Wednesday, August 7, 2019
McDonald's No Longer the 'Great American Meal' Case Study
McDonald's No Longer the 'Great American Meal' - Case Study Example The company's rapid expansion (in the 1990s, McDonald's opened a new restaurant every eight hours) affected its food and service quality although these were supposed to be the McDonalds' selling points. In the 1990s, while competitors were coming up with new and healthier food options, McDonald's was still unable to produce truly innovative products as they were still thinking about how to sell more products rather than what they could sell to their customers. The lack in product innovation that did not help with marketing efforts, the company's franchisees sales were also affected as they could not keep up competitor offerings and the establishment of the Consortium hurt the dynamics of the franchise model. One area the increased fast food competition in the fast food industry affected McDonald's was through the company's price-based strategy.
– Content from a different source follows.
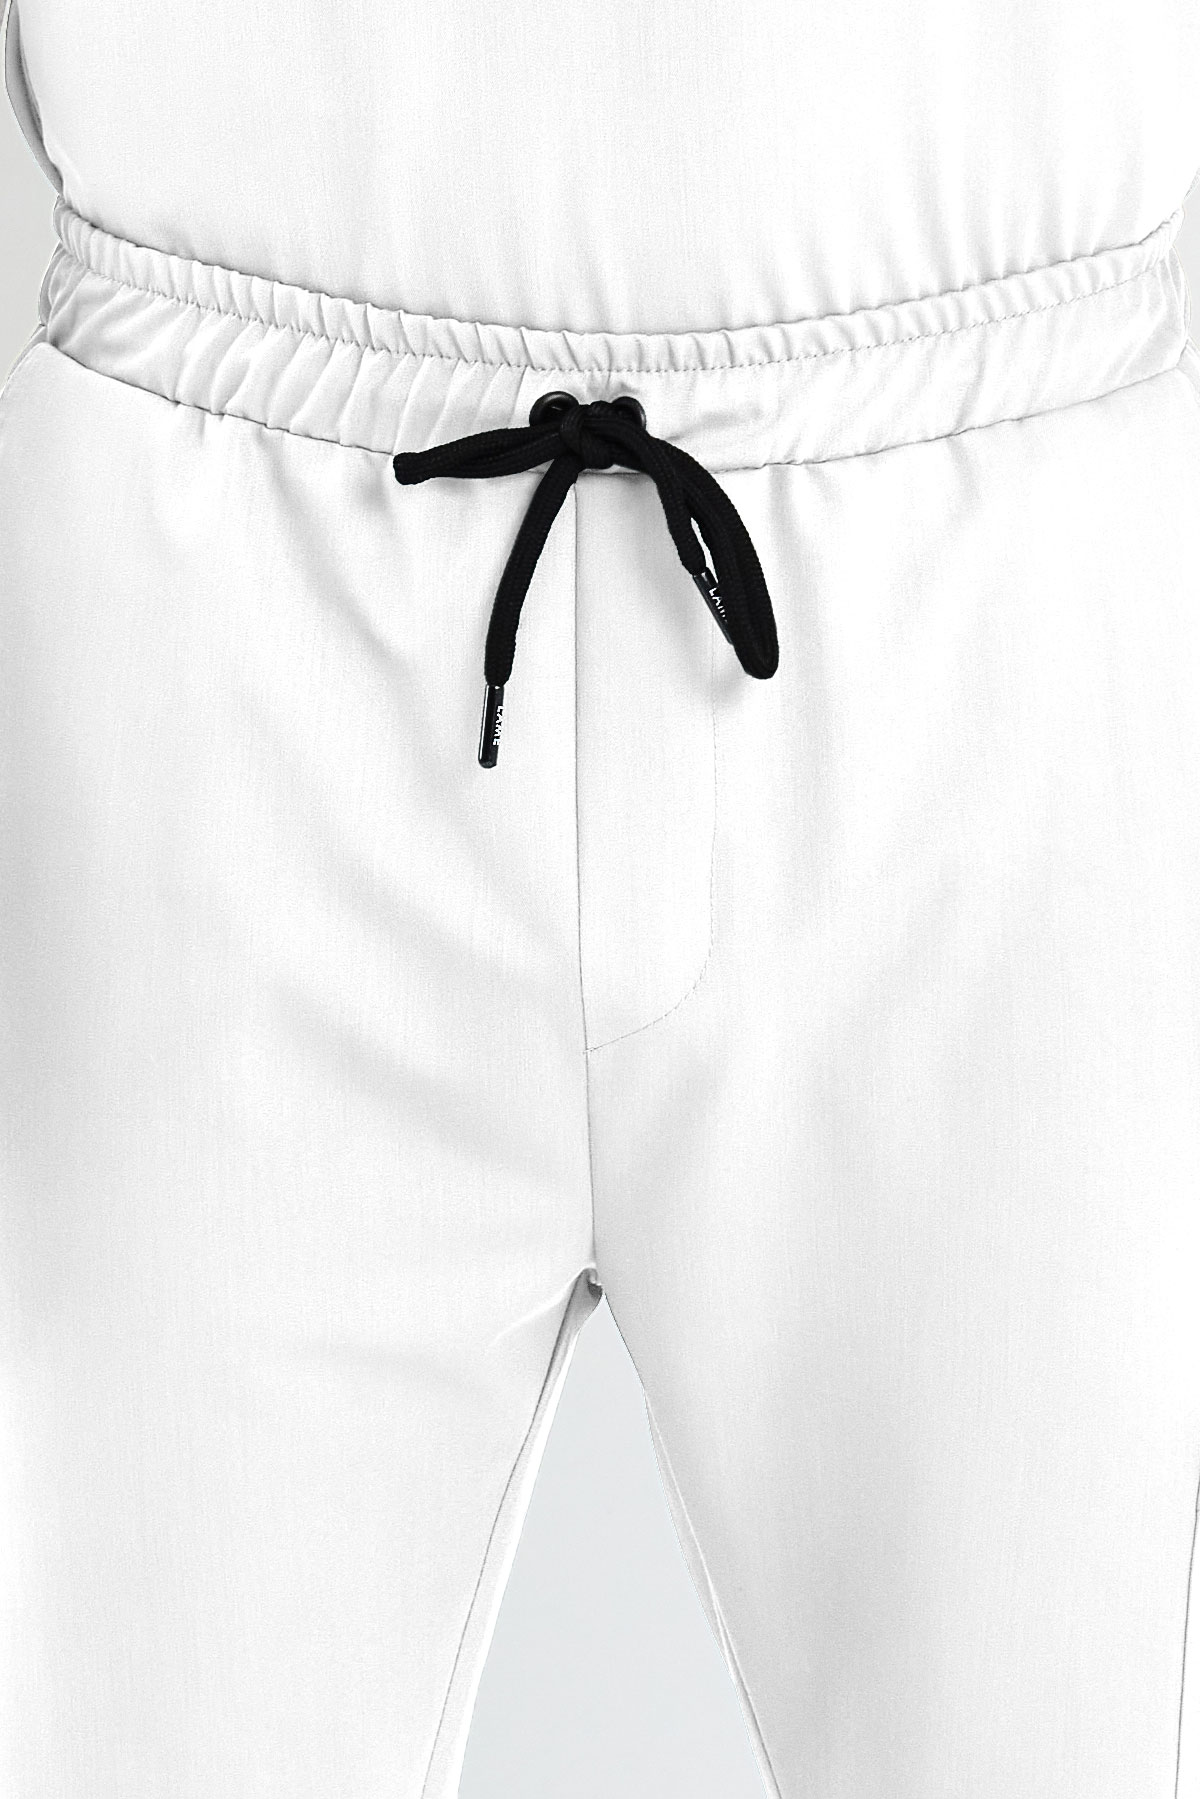 3004 Luxury Beyaz Pantolon

By marketing products below the cost to prepare the item, the company cannot sustain this tactical campaign for long if the competitors have a cost advantage. For marketing purposes, instead of promoting McDonald's new locations, the focus could be on customer demographics. For example, Burger King pursues promotional partnerships with Universal Studios and other production companies like AOL Time Warner and Dream Works because their core demographic includes young adults who enjoy movies and the entertainment industry.